#### DATA PROVIDED:
________________________
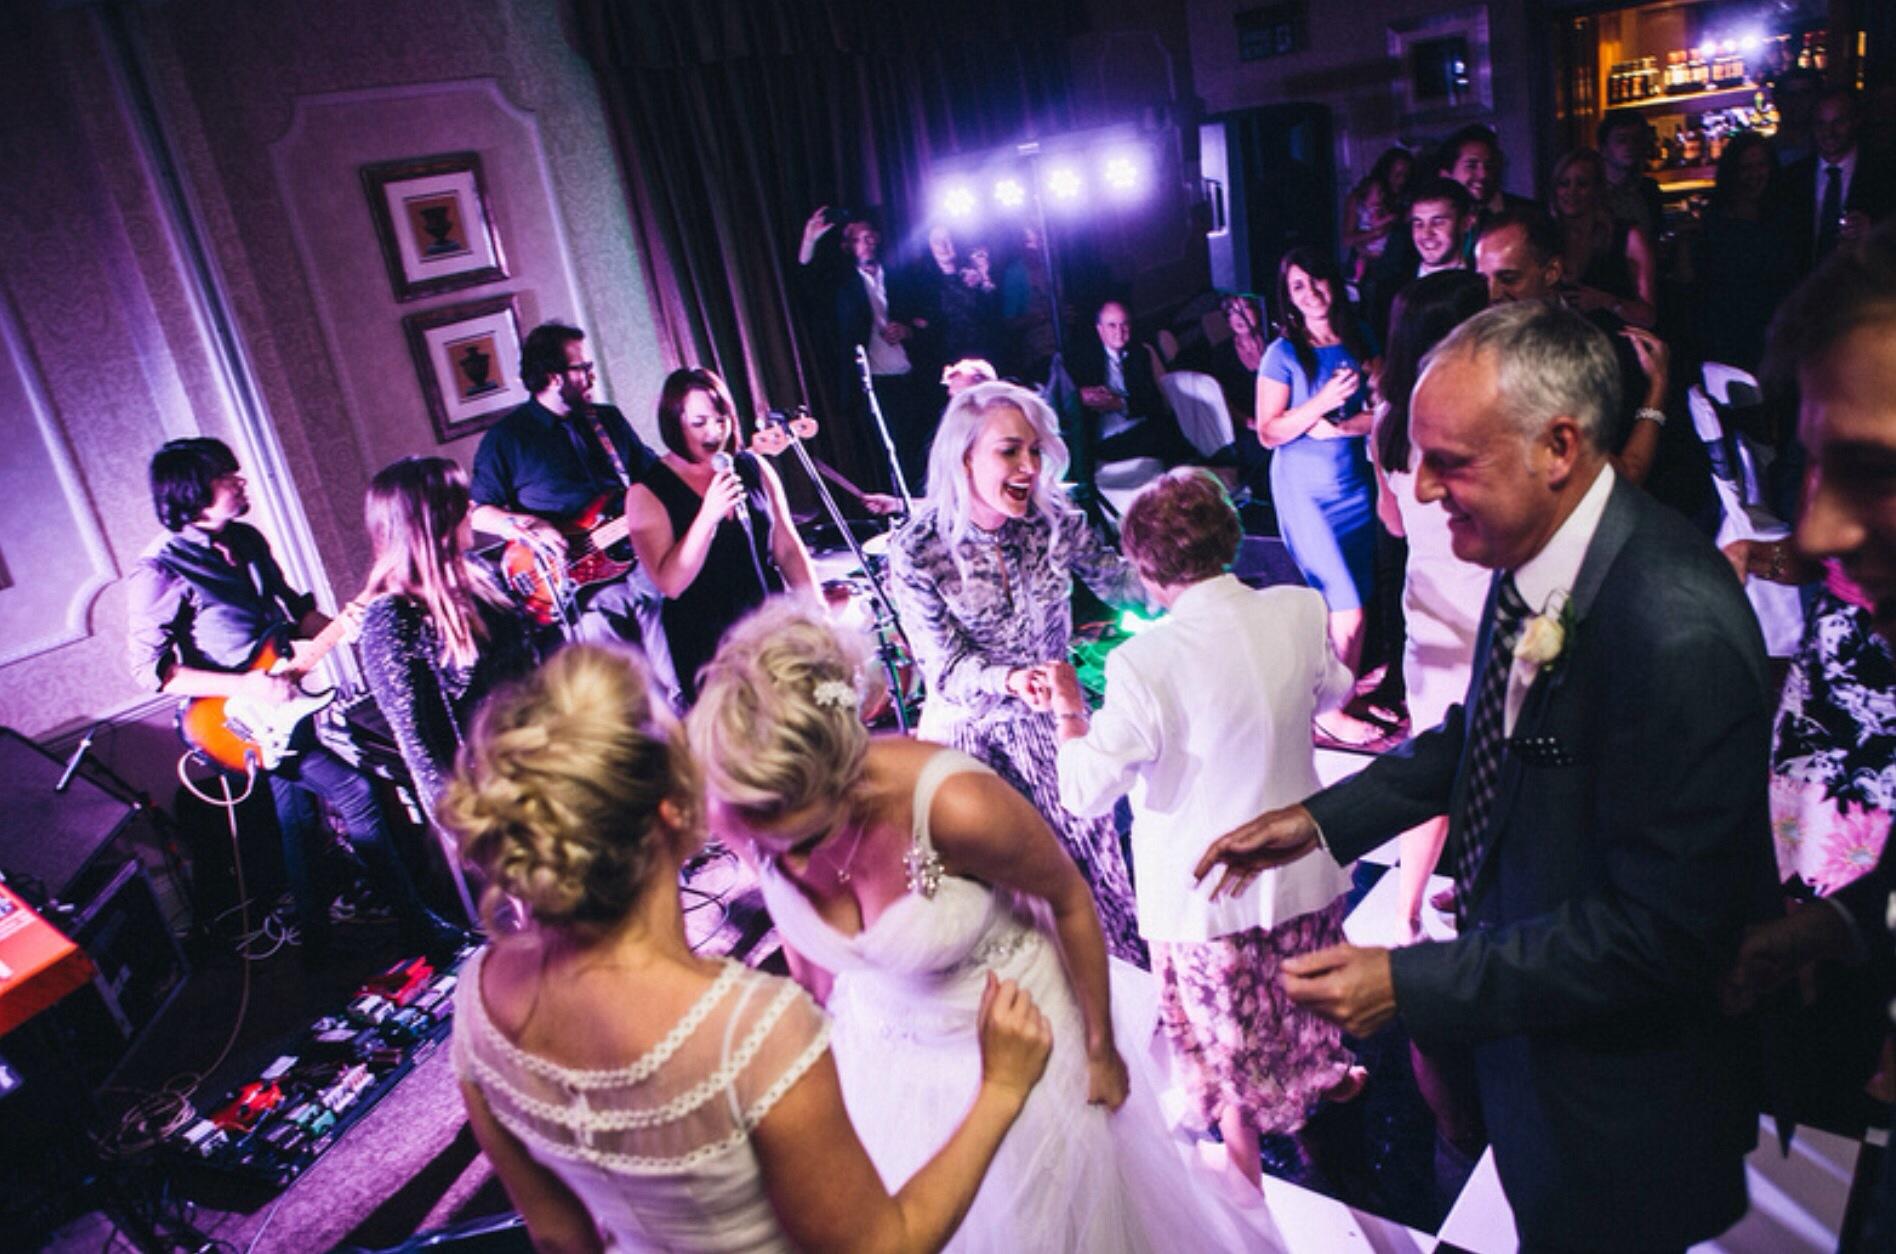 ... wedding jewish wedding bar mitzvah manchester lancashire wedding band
________________________
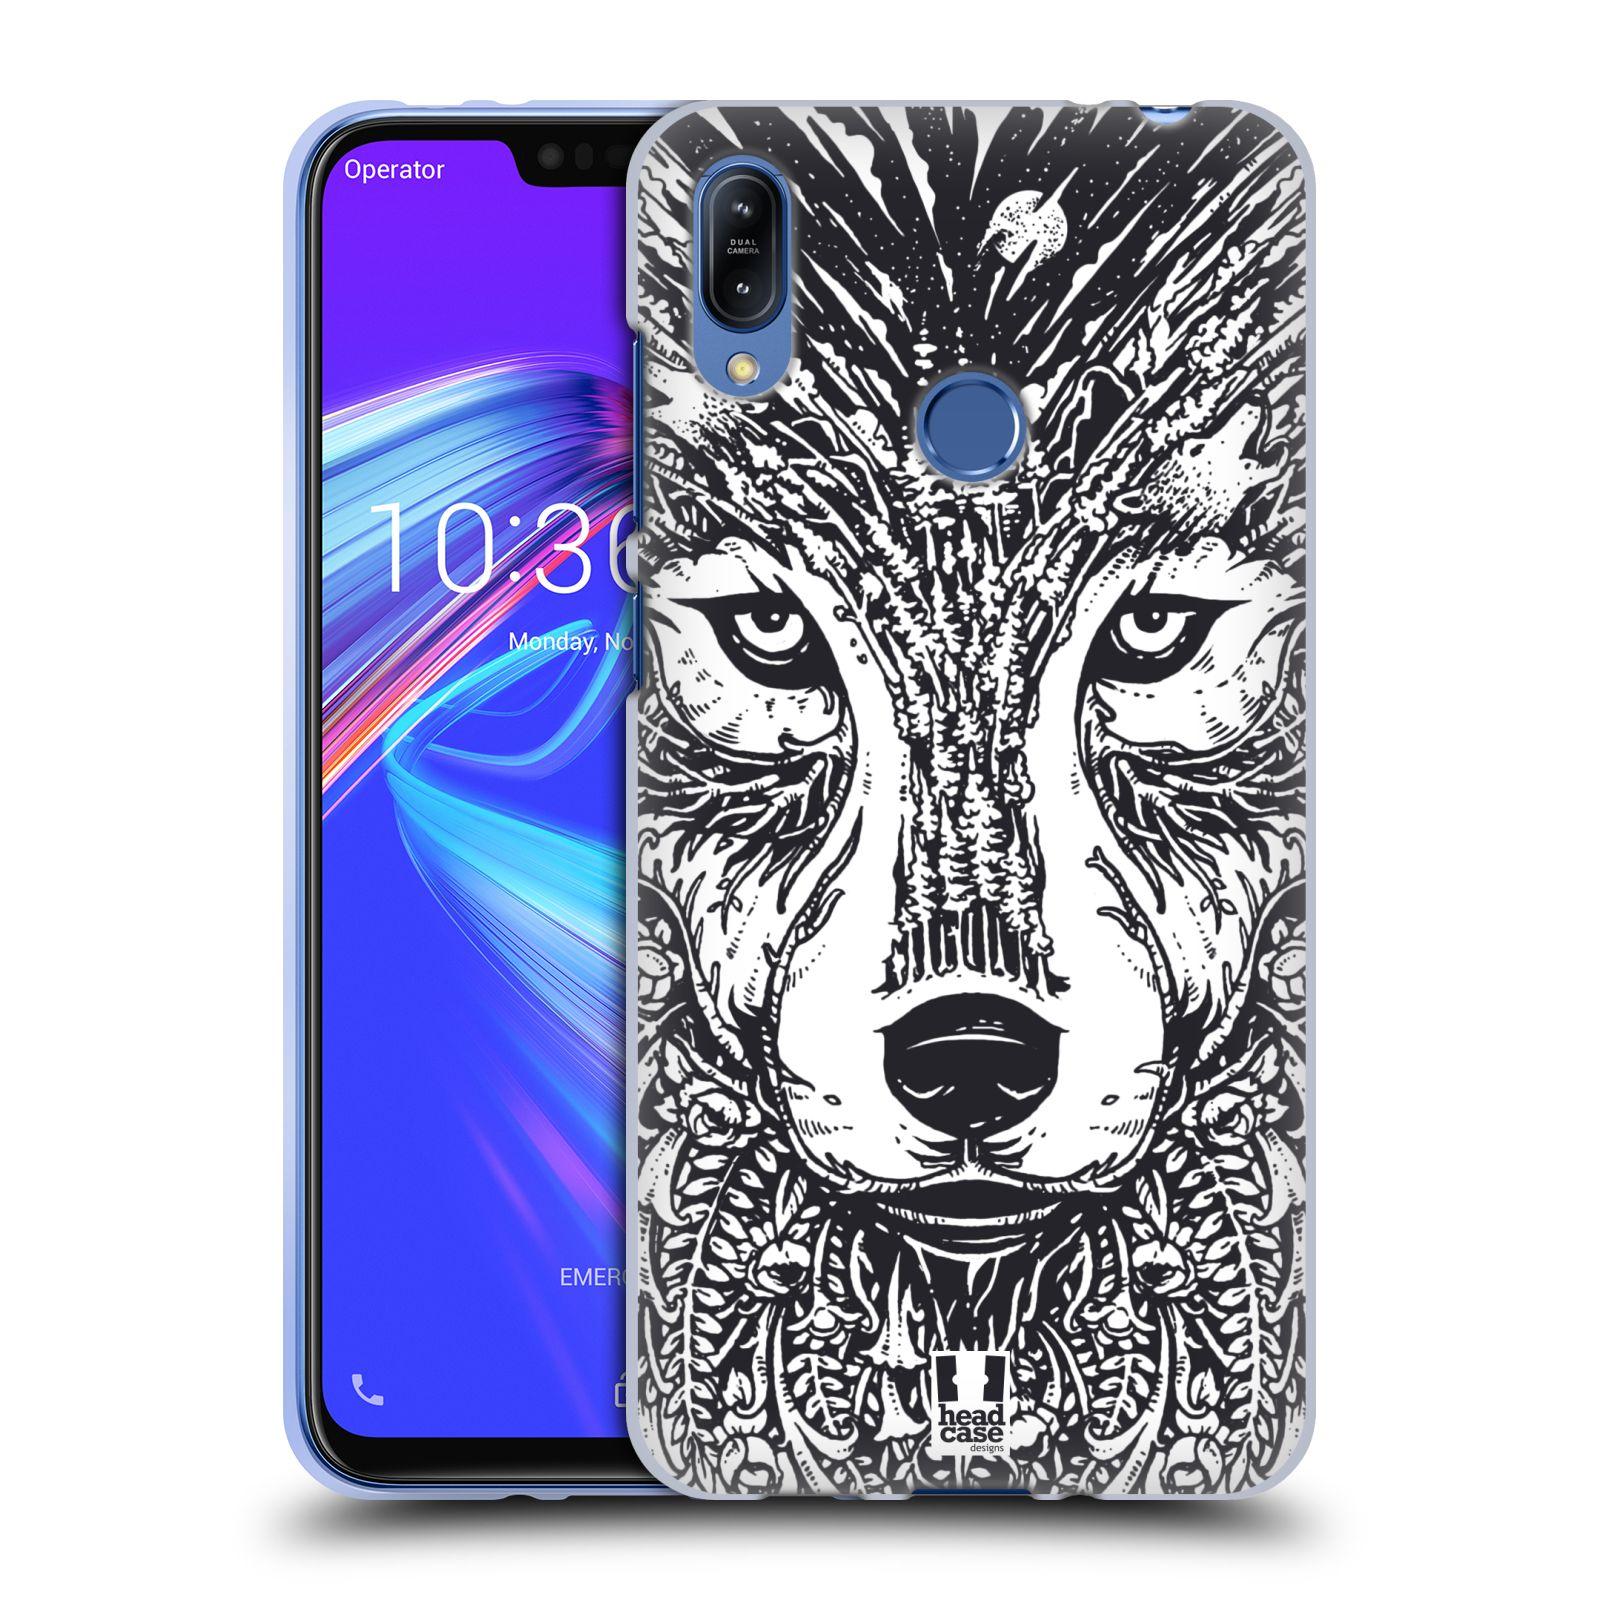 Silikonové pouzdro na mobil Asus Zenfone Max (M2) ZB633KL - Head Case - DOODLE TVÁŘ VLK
________________________
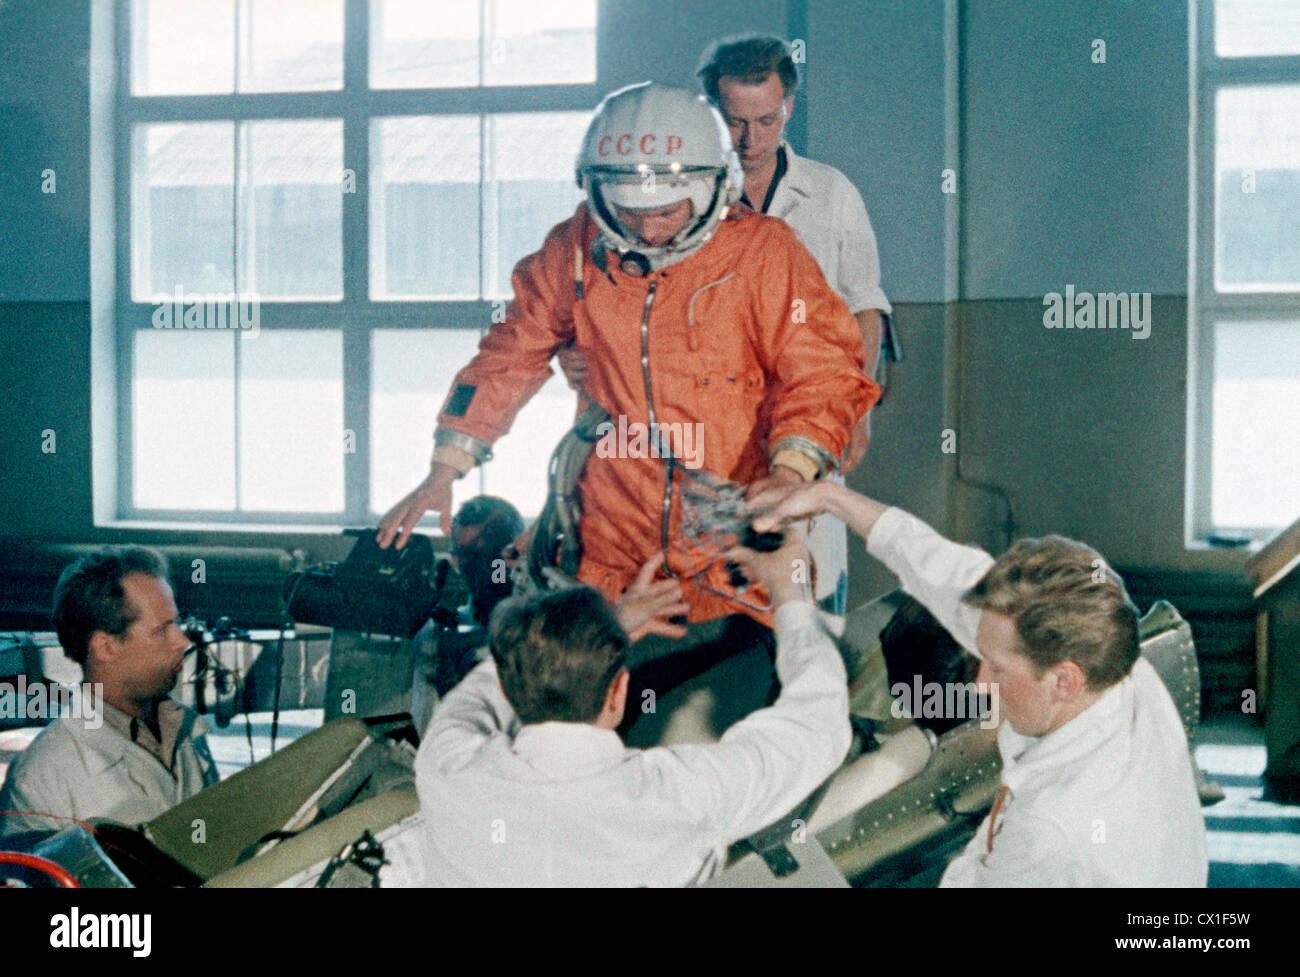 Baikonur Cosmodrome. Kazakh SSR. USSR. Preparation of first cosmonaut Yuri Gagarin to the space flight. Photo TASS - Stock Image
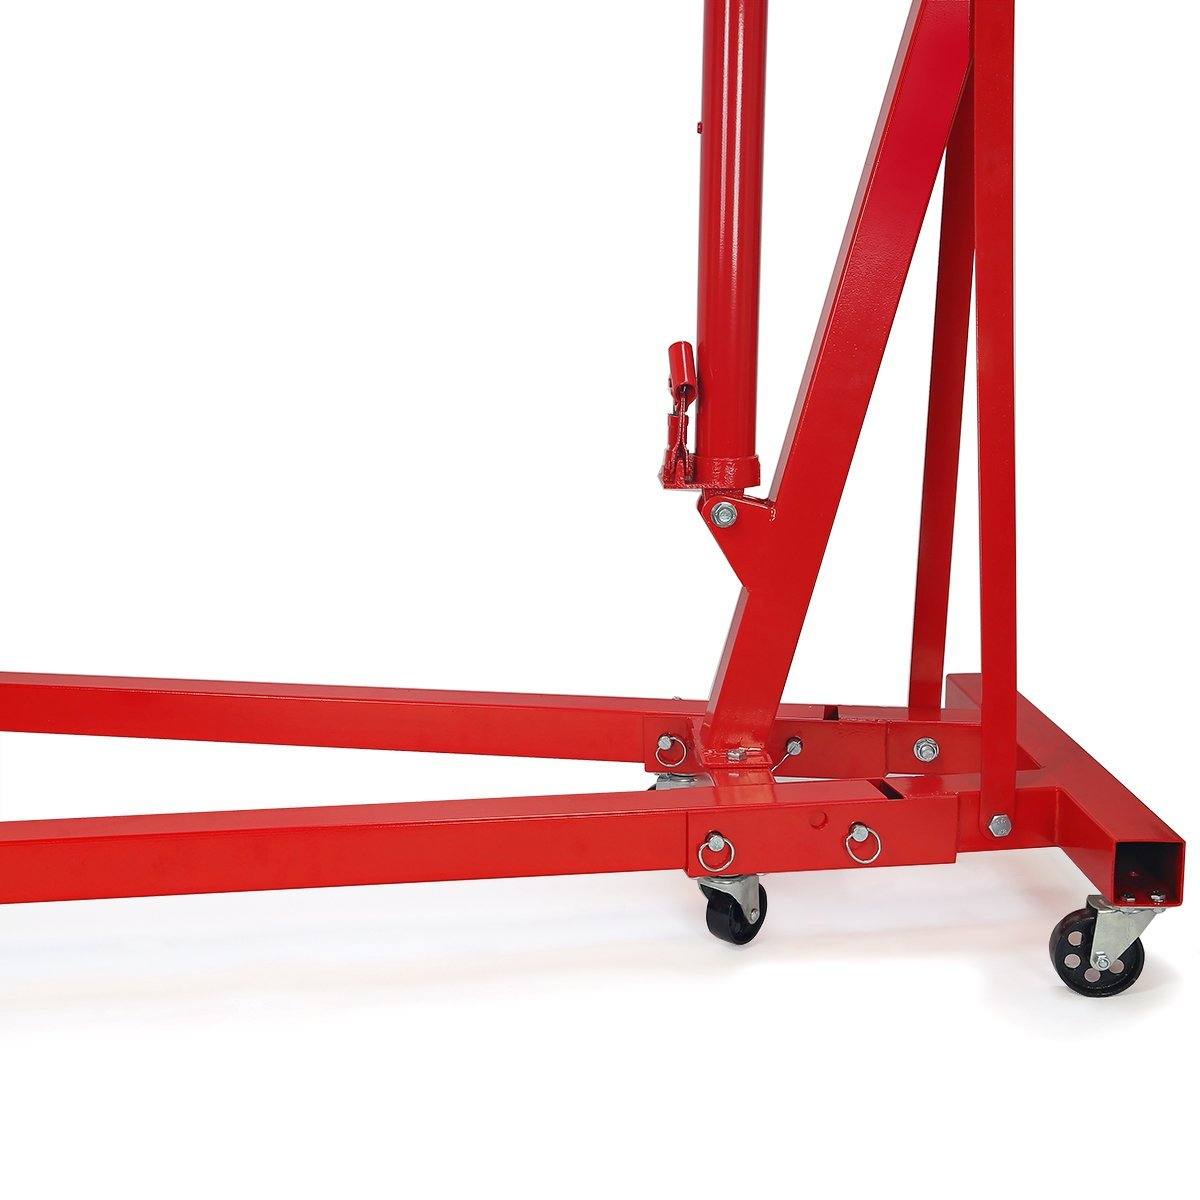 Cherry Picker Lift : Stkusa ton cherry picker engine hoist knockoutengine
________________________
In the records above, find the line with "Baikonur Cosmodrome. Kazakh" and the line with "Cherry Picker Lift"; please transcribe exactly those two lines and all lines between them, omitting any picture.

 Baikonur Cosmodrome. Kazakh SSR. USSR. Preparation of first cosmonaut Yuri Gagarin to the space flight. Photo TASS - Stock Image
 Cherry Picker Lift : Stkusa ton cherry picker engine hoist knockoutengine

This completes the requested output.